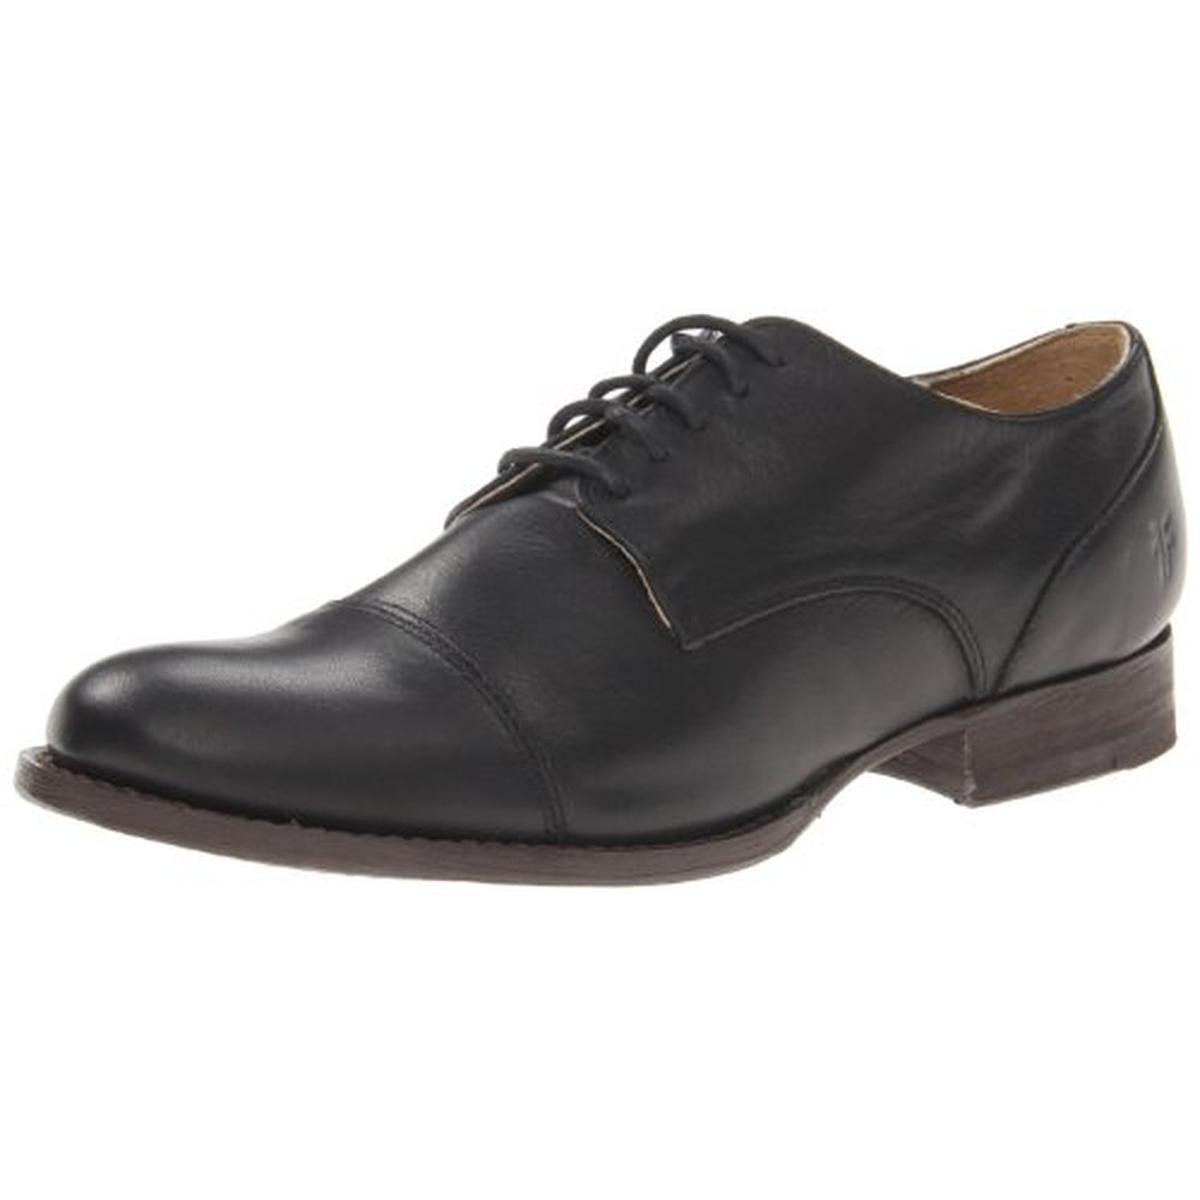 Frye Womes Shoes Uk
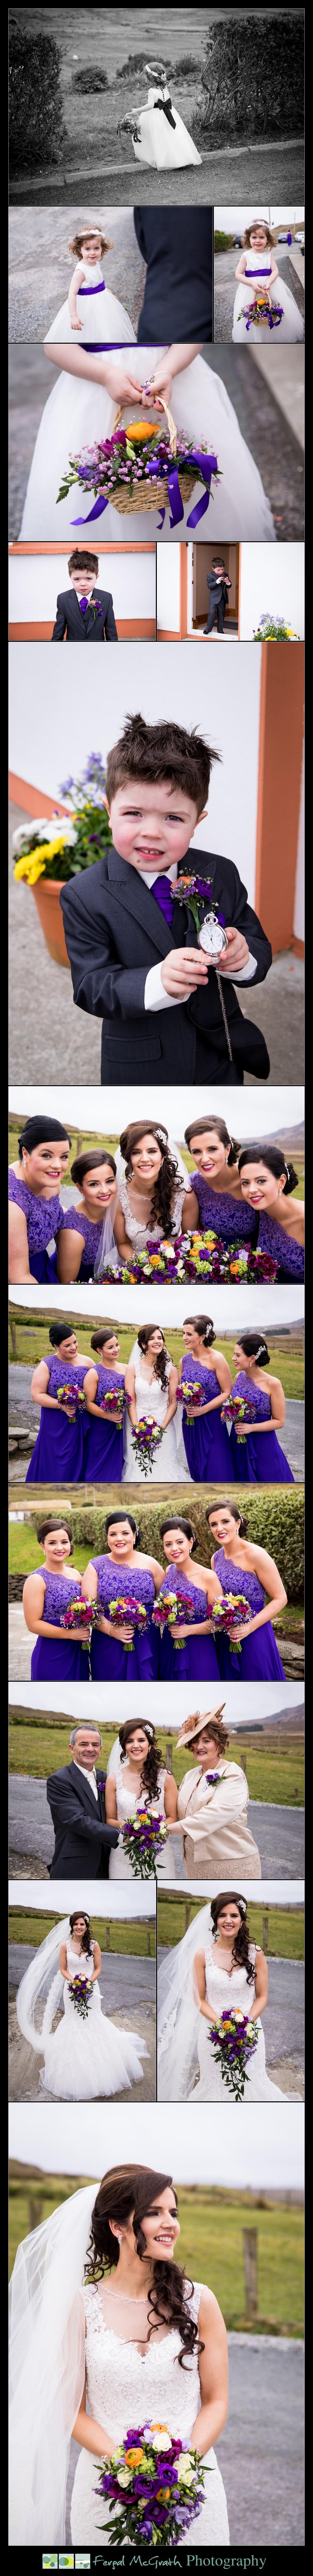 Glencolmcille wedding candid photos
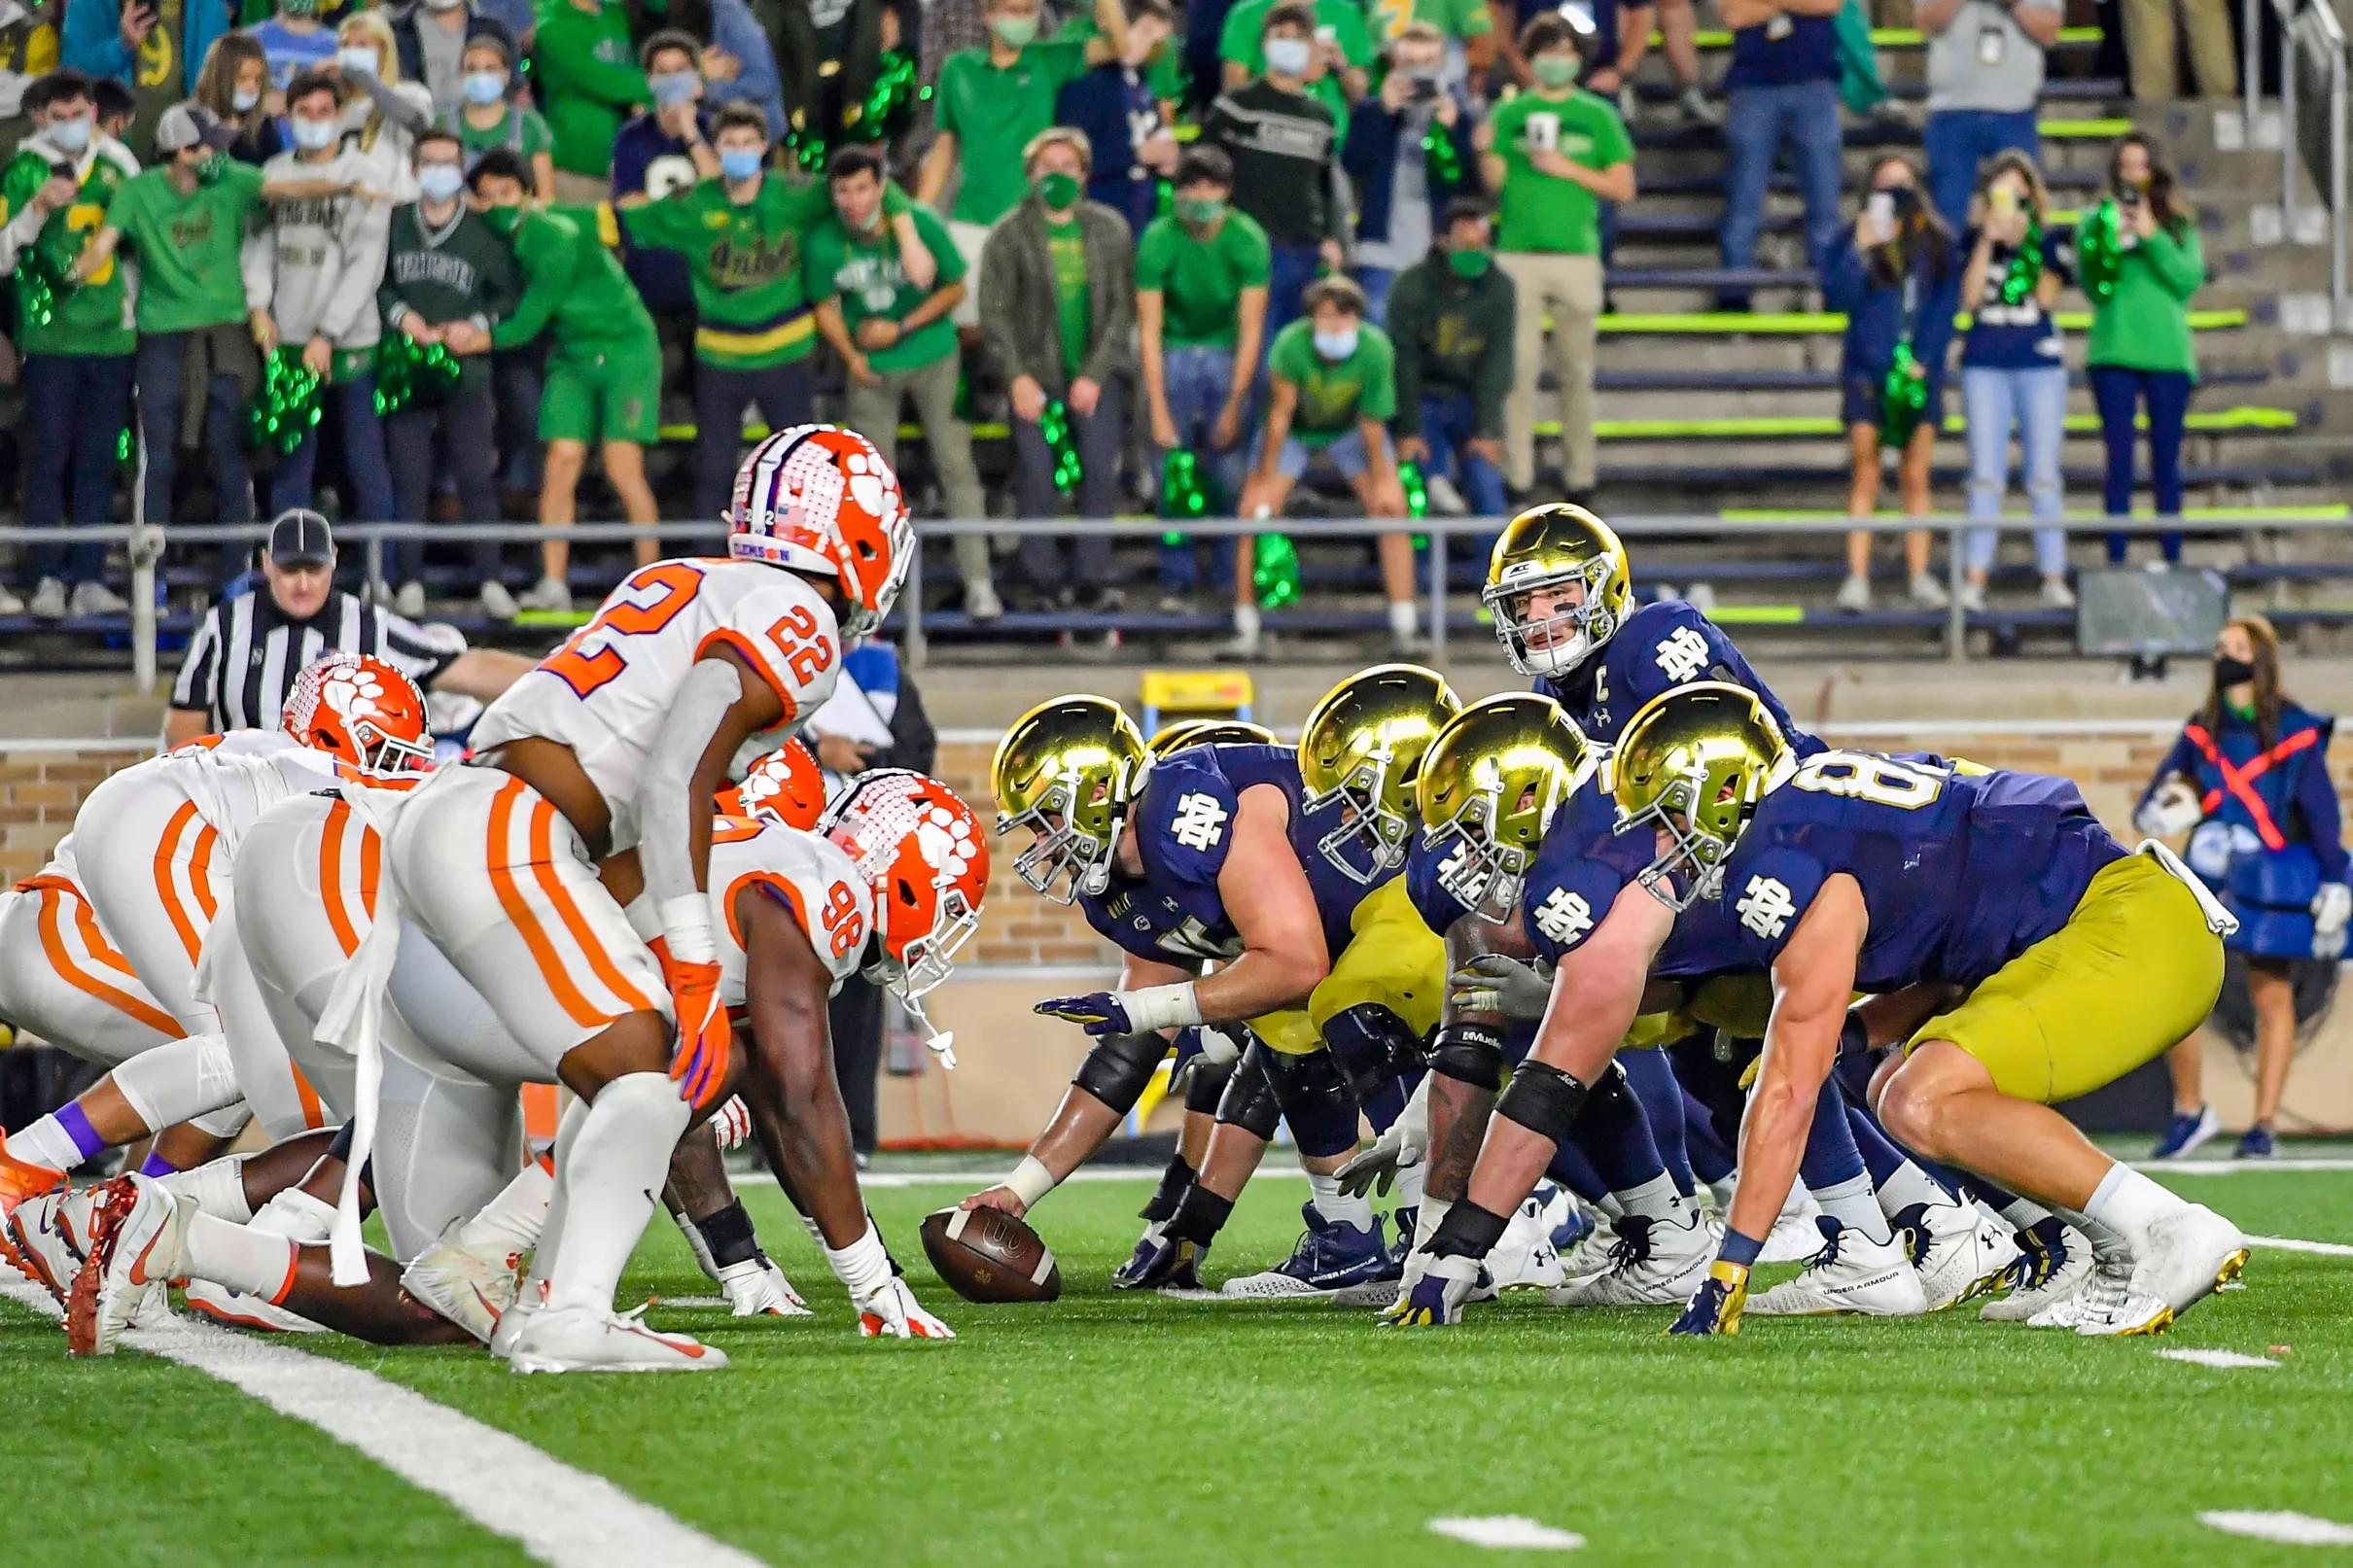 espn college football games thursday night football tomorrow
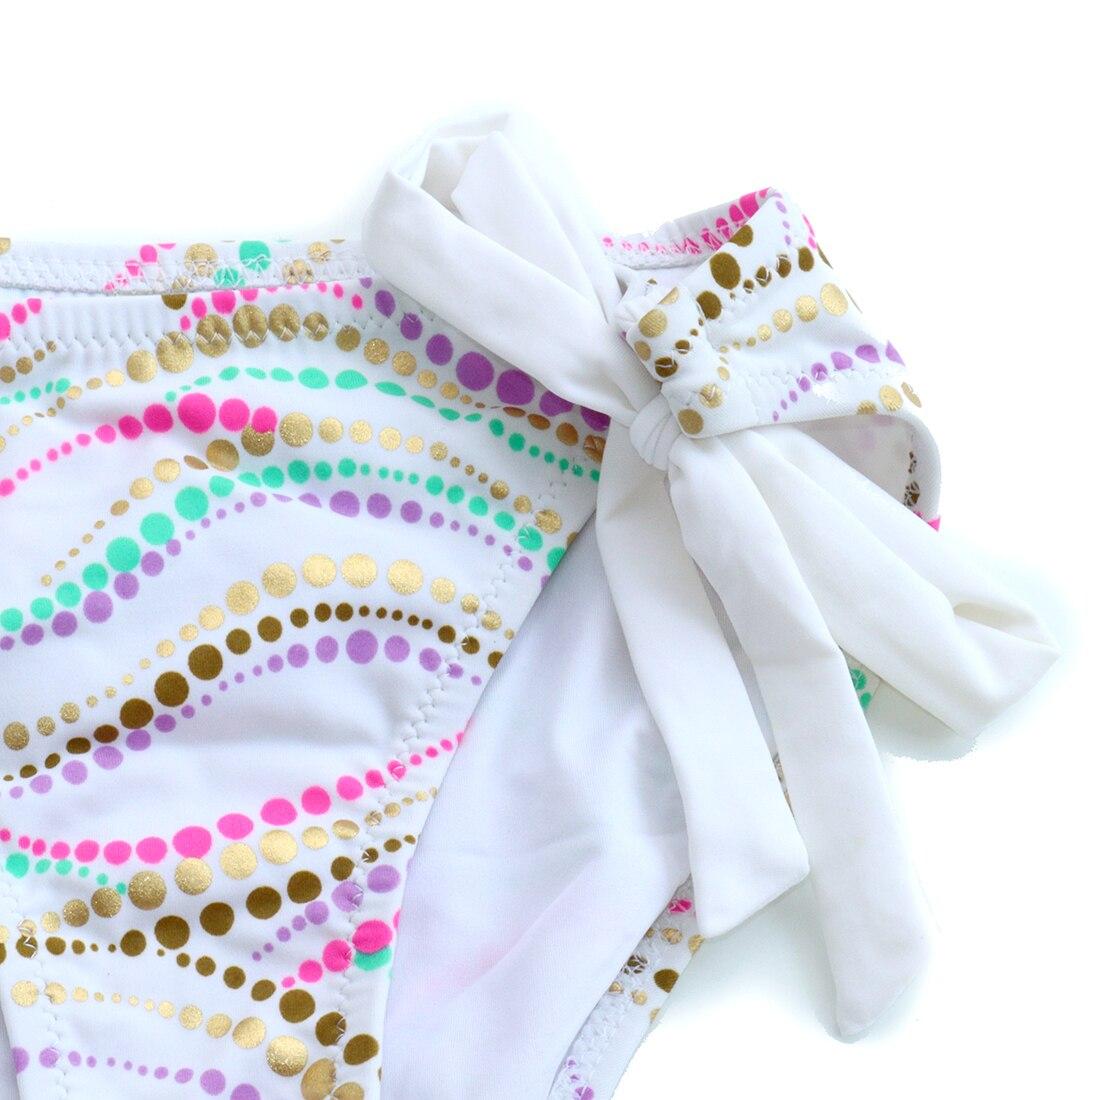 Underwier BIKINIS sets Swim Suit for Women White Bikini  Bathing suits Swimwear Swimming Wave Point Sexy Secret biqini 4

#### [DIRECTIONS FOR THIS TASK]
Please, leaving out all pictures, transcribe exactly the lines above from the one containing "Glencolmcille wedding candid photos" through the final line, both included.

#### [TASK RESPONSE]
 Glencolmcille wedding candid photos
 espn college football games thursday night football tomorrow
 Underwier BIKINIS sets Swim Suit for Women White Bikini  Bathing suits Swimwear Swimming Wave Point Sexy Secret biqini 4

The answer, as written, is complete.